Arriving at the cave
Once you arrive at the cave you will see two entrances. One entrance has been boarded up. Perhaps to protect the Pictish Carvings. Historic Environment Scotland has put up an information board showing what the Pictish carvings on the cave walls look like. Many of these can be located near the entrances.
The inside of the cave is large with a lot of natural light. However, it’s still a good idea to bring a torch to help find the carvings on the walls. We loved exploring the cave walls and all its nooks and crannies. There is a mini shrine towards the back of the cave where people have left a variety of items. Perhaps a modern-day homage to its history. The cave entrance offers a spectacular frame looking out to the Moray Coast. This provides the opportunity for a great photograph.
Extending the walk to Clashach Cove
If you would like to extend your walk you can return to the coastal path up the rope and continue along the path until you reach Clashach Cove. A path to the right will take you down to this beautiful beach. There is a steep option and a more gradual descent to reach the sandy bay below. Sea arches, caves and stunning rock formations flank either side of Clashash Cove.
There is a flat grassy area behind the sand that would be perfect for camping. The calmness of the water also makes this a great spot for swimming, kayaking and paddle-boarding. If you have the time, I would definitely add this onto your walk. There are also some fossilised dinosaur prints available to see nearby at the entrance of Clashash Quarry. Unfortunately, the weather has begun to wear away these amazing fossils, but they are still well worth a visit!
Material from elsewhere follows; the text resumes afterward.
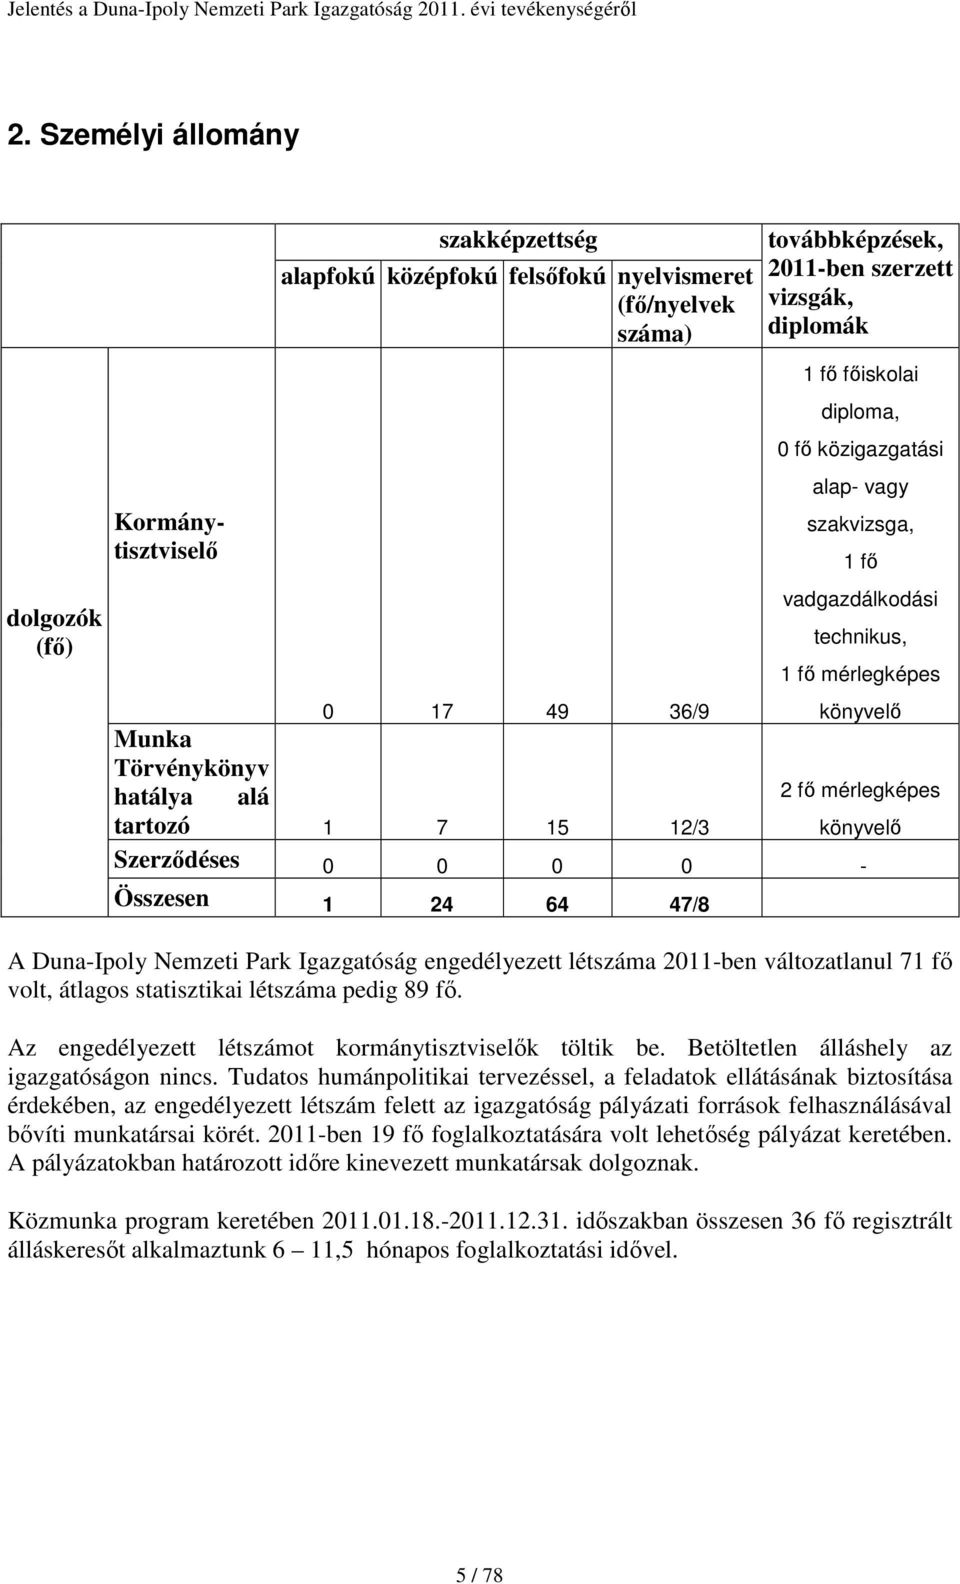 könyvelő Szerződéses 0 0 0 0 - Összesen 1 24 64 47/8 A Duna-Ipoly Nemzeti Park Igazgatóság engedélyezett létszáma 2011-ben változatlanul 71 fő volt, átlagos statisztikai létszáma pedig 89 fő.
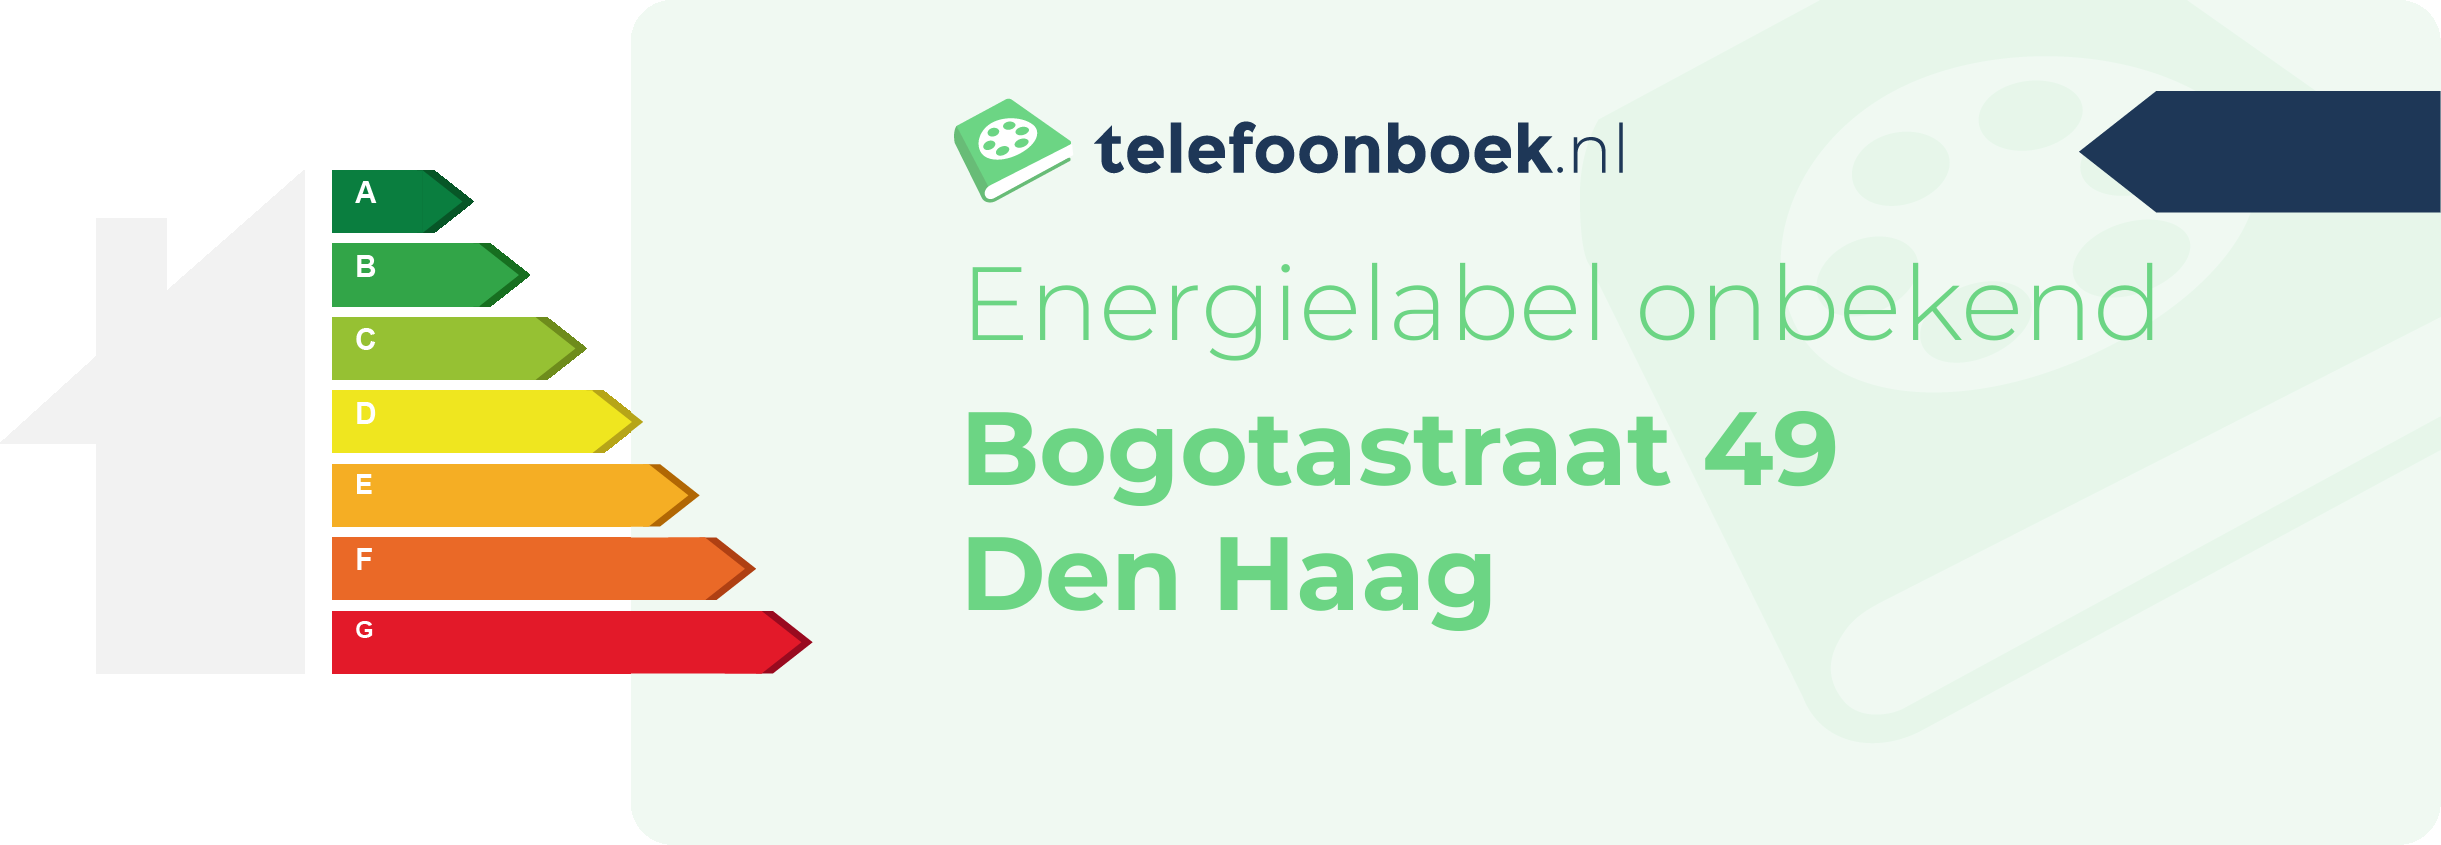 Energielabel Bogotastraat 49 Den Haag

This area of Scotland is just spoiled for choice with beautiful beaches and before we returned to our car, we veered off to the left to have a look at Covesea beach (situated close to the carpark). After seeing the spectacular beach stretch before us we decided to go for a paddle! The beach boasts 4km of beautiful white sand and eventually leads onto Lossiemouth West beach. There are several rock pools, a lighthouse, and more caves to explore. Along with Clashach Cove this is my favourite beach on the Moray coast.
What started as a day out to find and explore Sculptors cave turned into so much more for us. Finding the cave is an adventure in itself. However, when you do reach it you will be blown away by its history, intrigue and beauty. We weren’t prepared for was how beautiful this entire section of coast is. Stunning cliff edges, caves, rock formations and beautiful sandy beaches made this a very difficult place to leave. We will definitely be back.
We recommend visiting this enchanting cave and taking in all the beautiful surrounding coastline while you do so!